# Logitech MX Installation

## mizery de aria

I couldn't find any information on this forum in regards to installing/configuring Logitech MX mice.  In particular I need assistance with installing my Logitech MX 500.  I'm sure there's resources on the Internet somewhere and I will take the time to do my research, but I will provide documentation or references/links on this forum as well for those others who are interested in having the information available from here.

Keywords: Logitech MX 900, Logitech MX 500, Logitech MX 500, Logitech MX 310, Logitech MX 300

(I'm sure the installation/configuration for these mice are similar if not the same)

Now on to my research...  If you happen to be able to assist in providing information in regards to this subject, feel free to do so.
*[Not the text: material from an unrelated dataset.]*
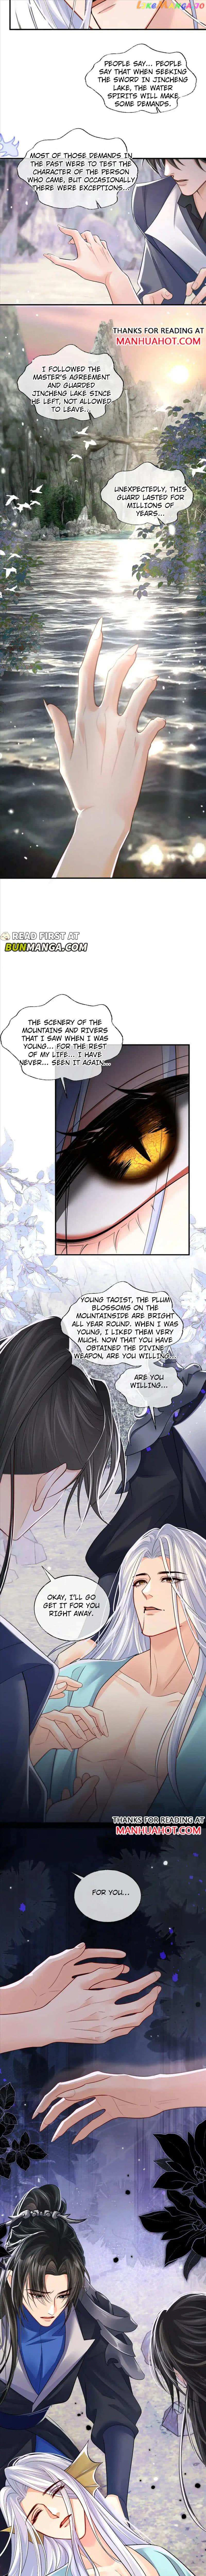 The Husky And His White Cat Shizun - Page 3

Not exactly related directly to Logitech, but if you end up having a cursor that appears as a 2x2 centimeter (cm) square, then read http://www.linuxquestions.org/questions/showthread.php?s=&threadid=10590

An almost working solution to get the MX 500 buttons to function -> http://www.linuxquestions.org/questions/archive/18/2003/11/1/112566

More button configuring -> http://www.linuxquestions.org/questions/archive/18/2003/08/3/82487

Lastly -> http://www.linuxquestions.org/questions/archive/18/2003/08/4/36469

I can't find much other information on this surprisingly.  Most of the results on Google aren't English.

--

My particular issue is that I have a laptop (w/touchpad) and my Logitech MX 500 isn't detected.  When I boot up with the USB mouse plugged in, the touchpad doesn't work properly in X.  When I boot up with the USB mouse unplugged, the touchpad works fine.  Then after booting when I plug in the USB, it's still not detected and the touchpad still works fine.  The cause is most likely because a lack of configuring my kernel/system for the Logitech MX 500.  I have no clue where to start though.  I have some ideas, but since I'm a complete newbie, I am not sure what the procedure to follow would be.  I should go outside (yeah right...) and snag a book on Linux...or order one online..which would require me to open a door once the UPS/Fedex person arrives, which would cause me to be exposed to sunlight...eek!  Btw, I'm using the 2.6.0 kernel.  If it makes a difference, I have a HP Pavilion ze4145

I initially couldn't find any threads on this forum, but after thorough searching here are some that may be related.  I have yet to review them beyond skimming them.

Gentoo Forum Links:

MX700 -> https://forums.gentoo.org/viewtopic.php?t=119041

Cordless Duo -> https://forums.gentoo.org/viewtopic.php?t=117622

Scroll wheel -> https://forums.gentoo.org/viewtopic.php?t=96283

Smooth move -> https://forums.gentoo.org/viewtopic.php?t=105631

Unusual scroll -> https://forums.gentoo.org/viewtopic.php?t=110642

Wheel works -> https://forums.gentoo.org/viewtopic.php?t=102809

Kernel config -> https://forums.gentoo.org/viewtopic.php?t=102893&highlight=logitech

Mouse jerk -> https://forums.gentoo.org/viewtopic.php?t=100147

----------

## NeddySeagoon

mizery,

Your kernel is probaly OK since the USB mouse works at all.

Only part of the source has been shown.